**WHAT TO WORK ON**
Take the lines from the one containing "Les historiens de" through the end of the material and write them out exactly, omitting pictures.

**AVAILABLE DATA**
'''

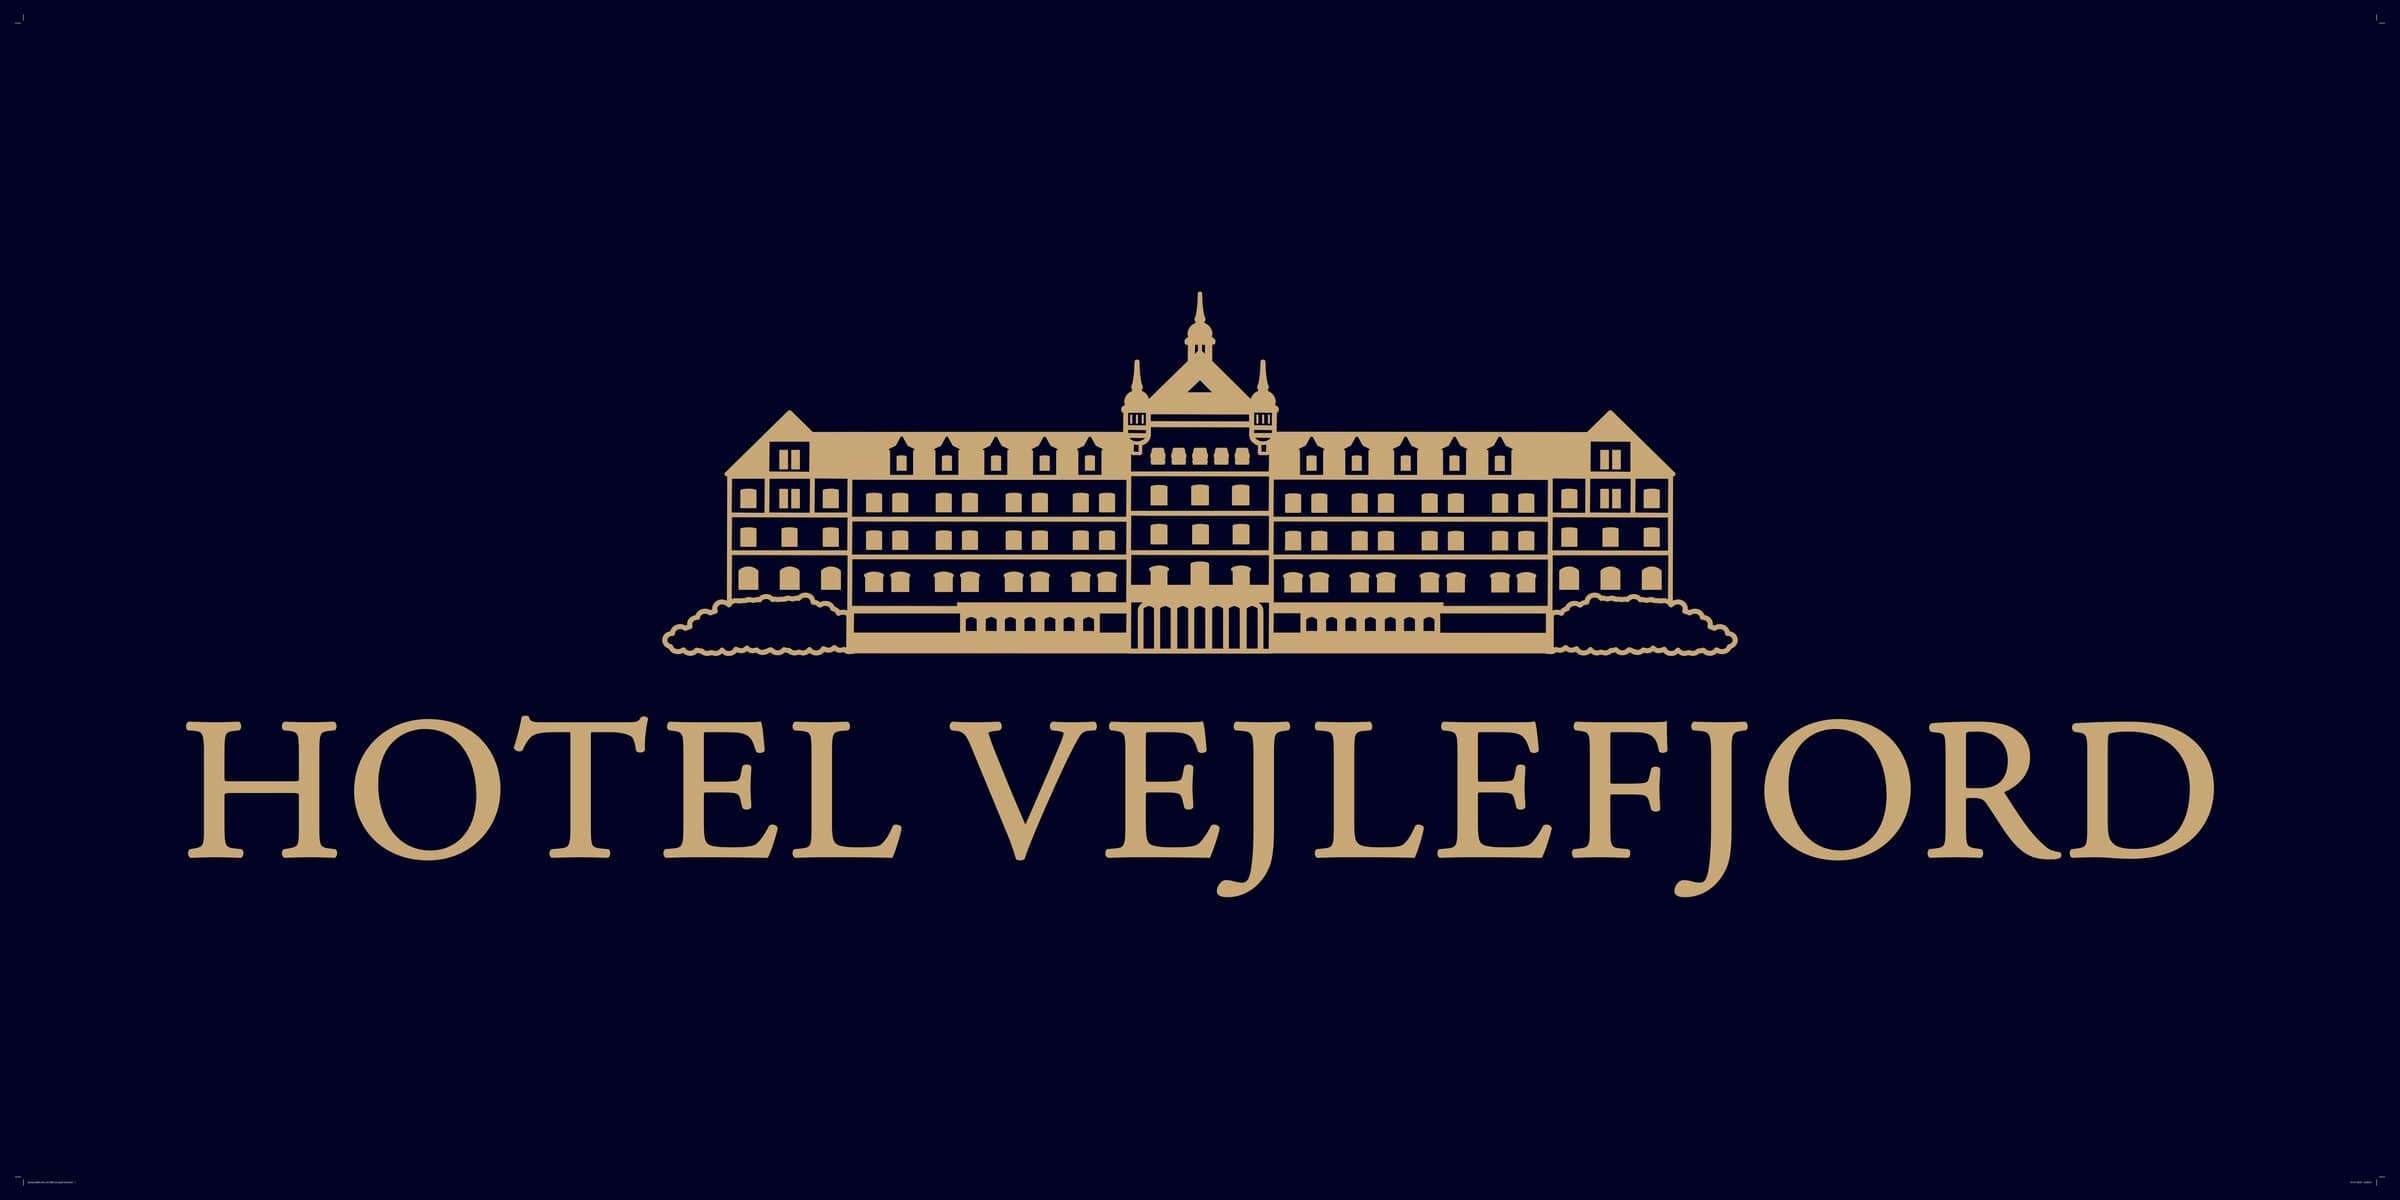 Hotel-vejle-fjordSponsorskilt Søndermarkshallen 200 x 100 cm
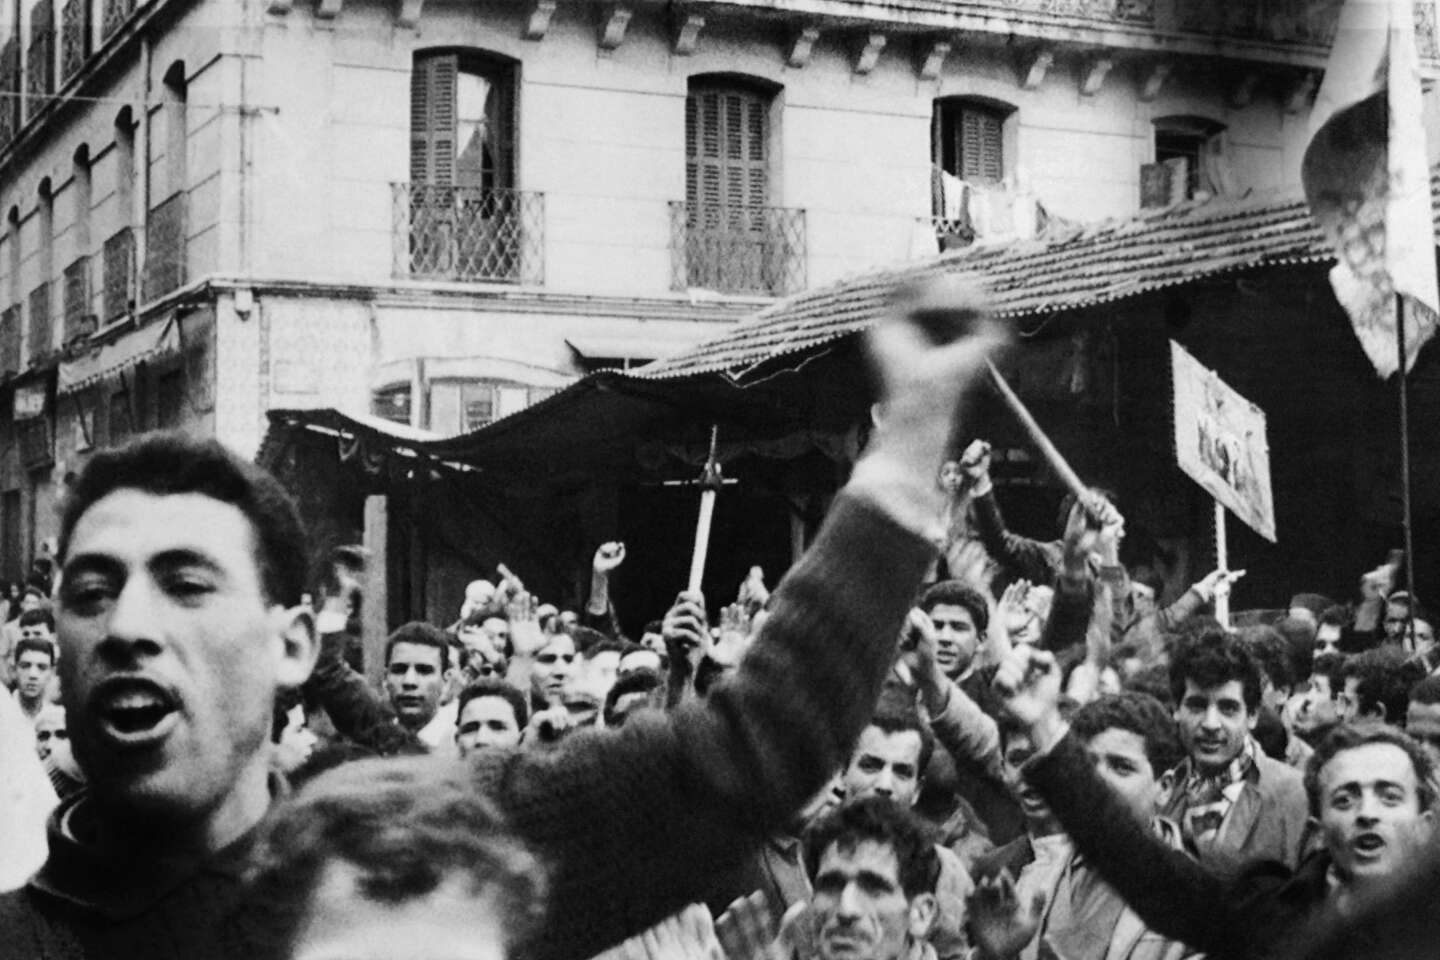 Les historiens de la guerre d’Algérie font la paix – le temps d’un livre collectif
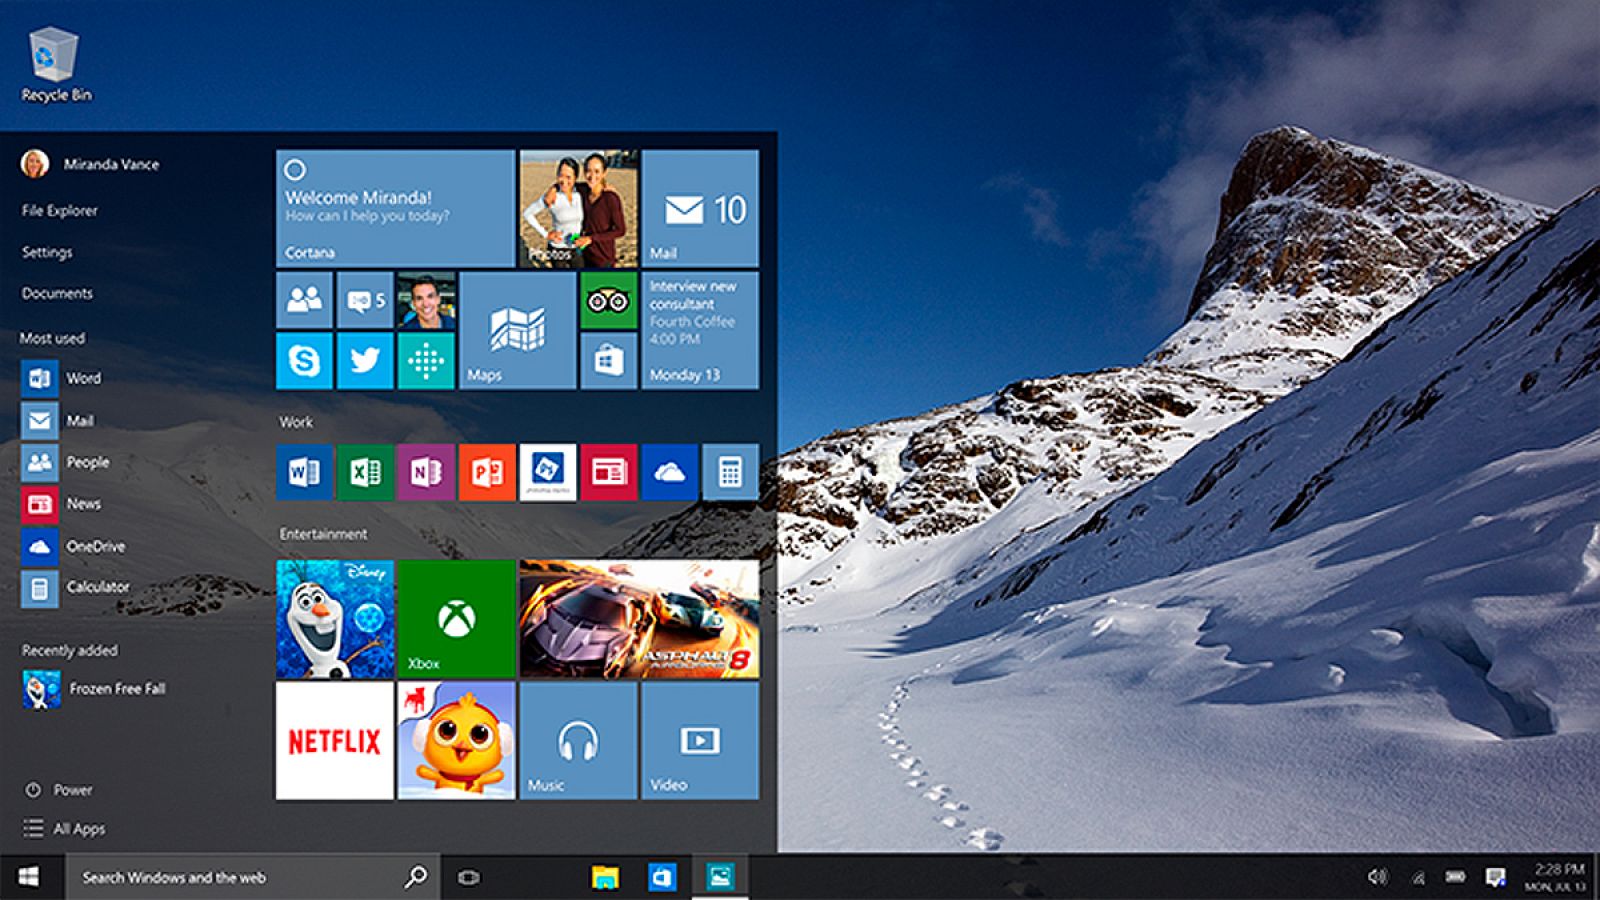 Diseño del nuevo Windows 10
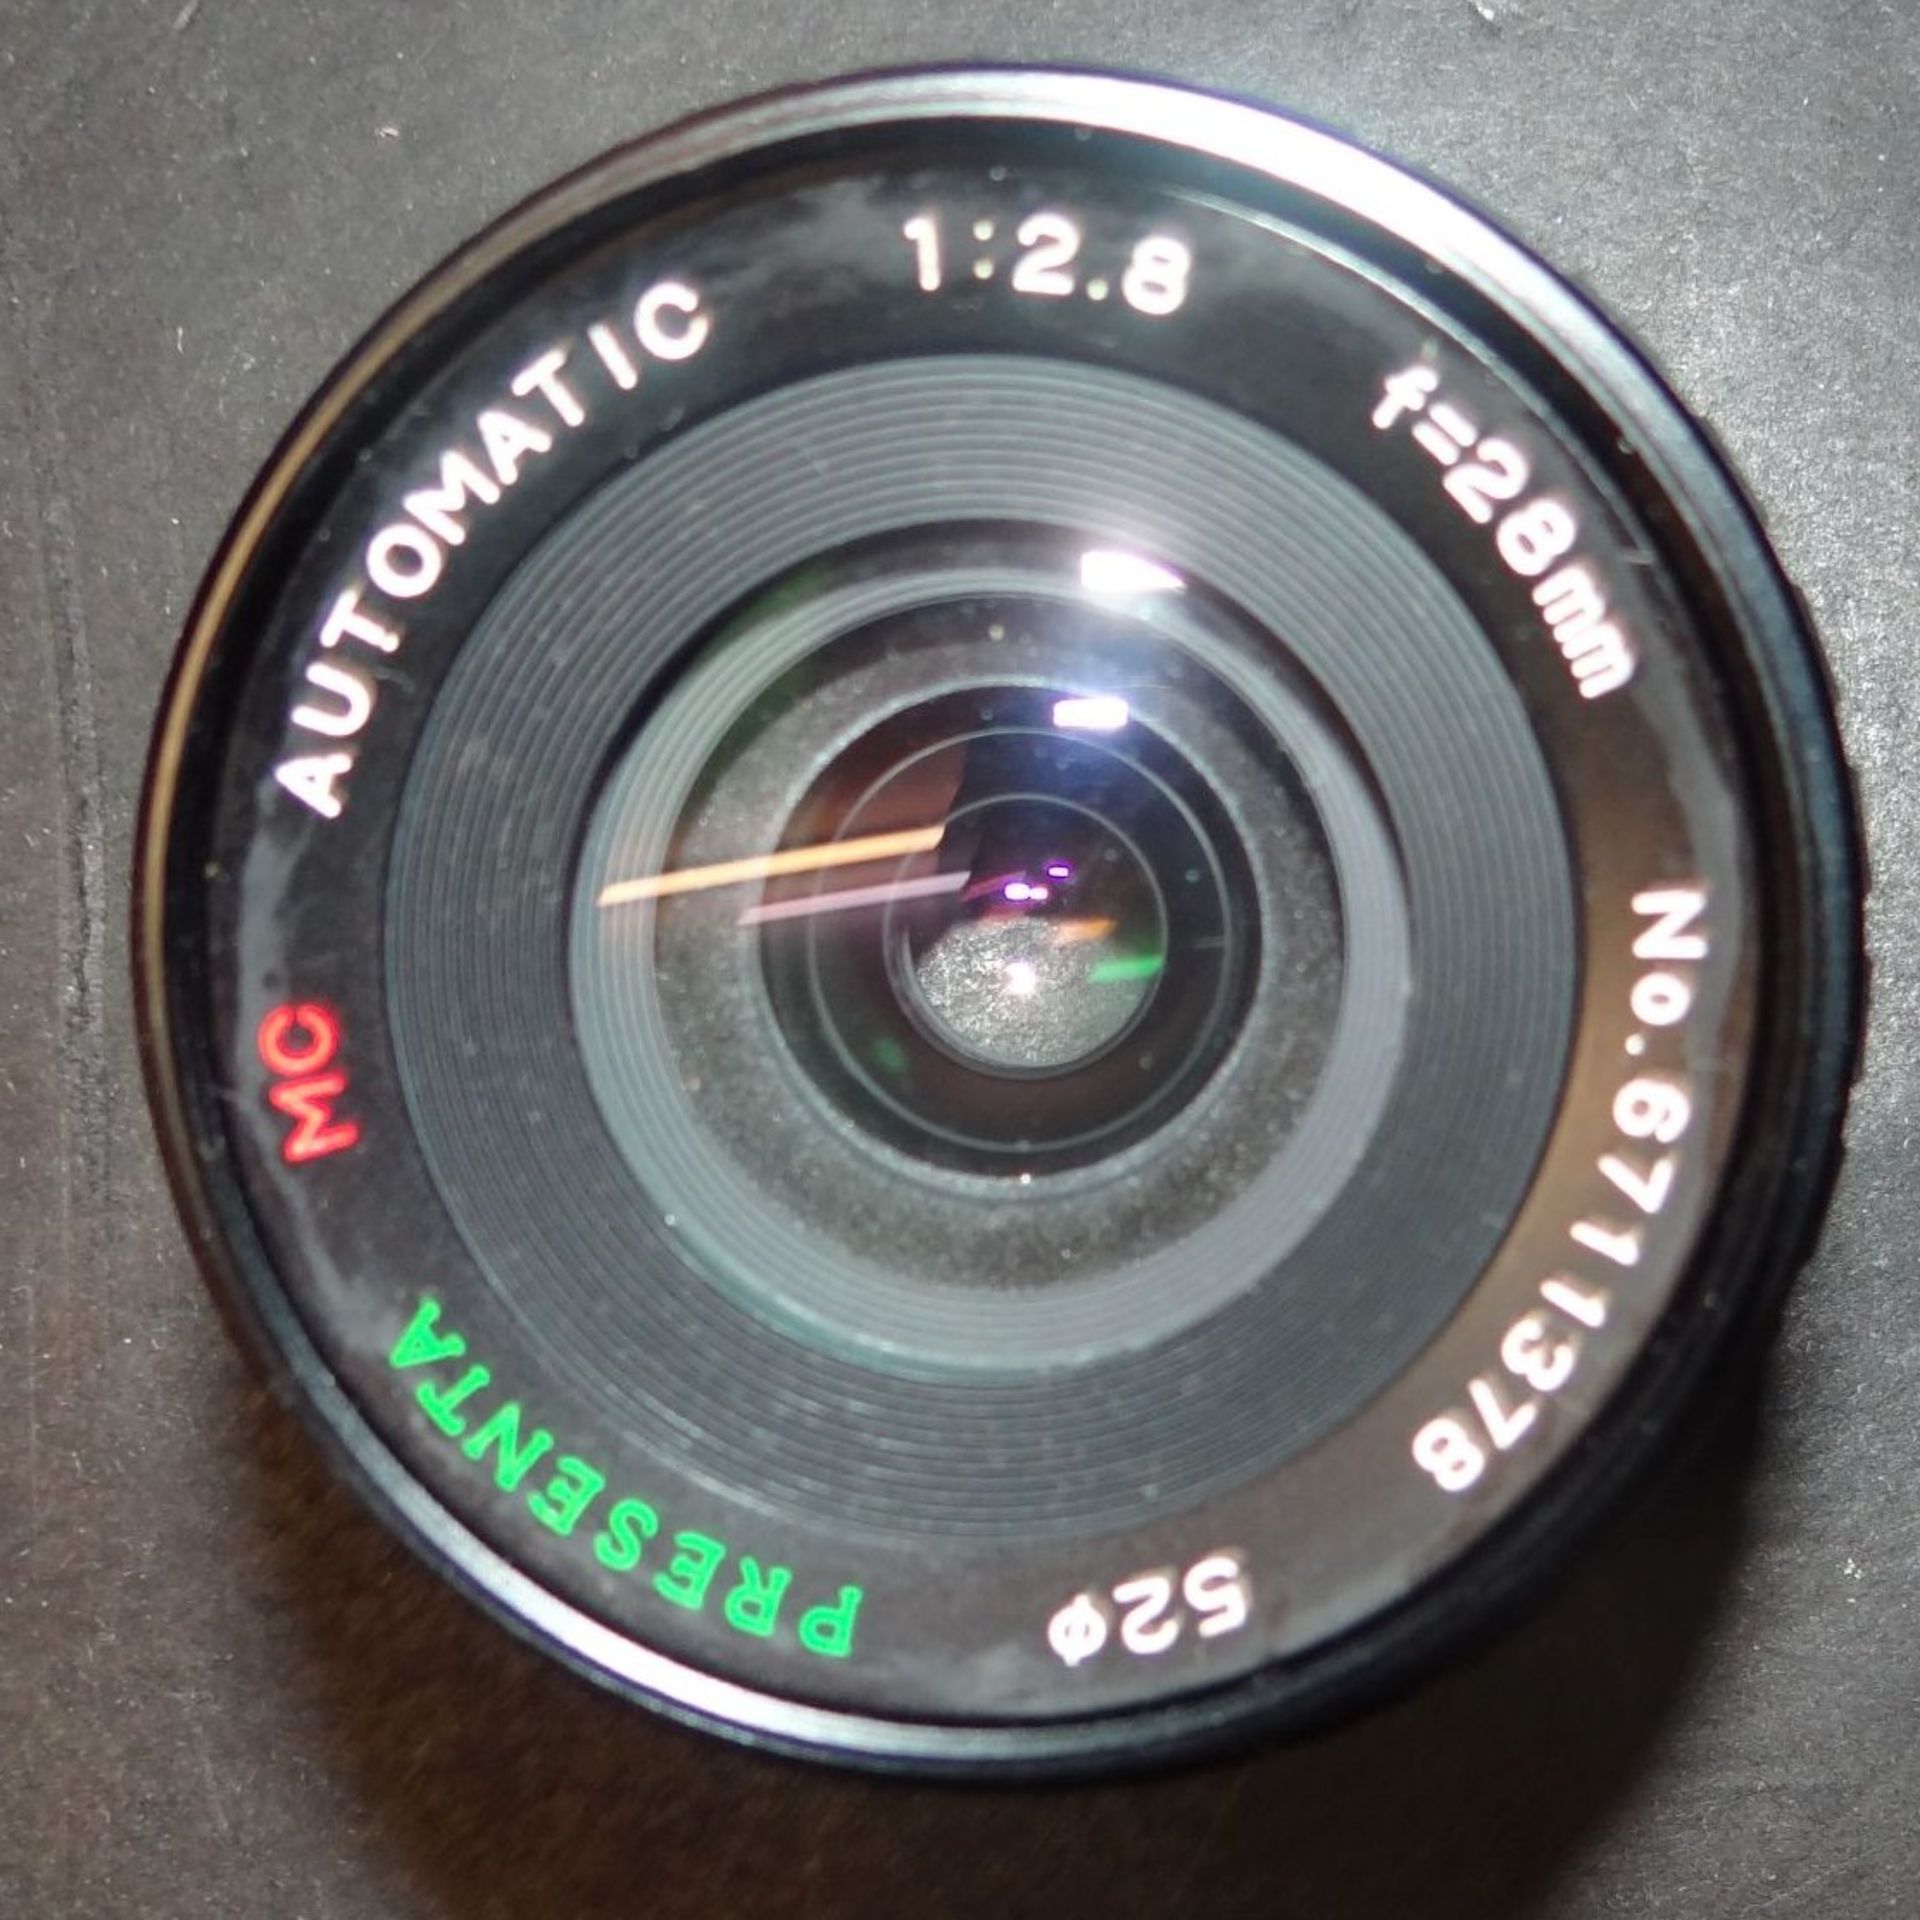 Spiegelreflex "Canon T70" mit Zubehör in Tasche, mit Beschreibung, Tele und anderes Objektiv, Blitz, - Bild 5 aus 5

'''

**REPLY**
 Les historiens de la guerre d’Algérie font la paix – le temps d’un livre collectif
 Diseño del nuevo Windows 10
 Spiegelreflex "Canon T70" mit Zubehör in Tasche, mit Beschreibung, Tele und anderes Objektiv, Blitz, - Bild 5 aus 5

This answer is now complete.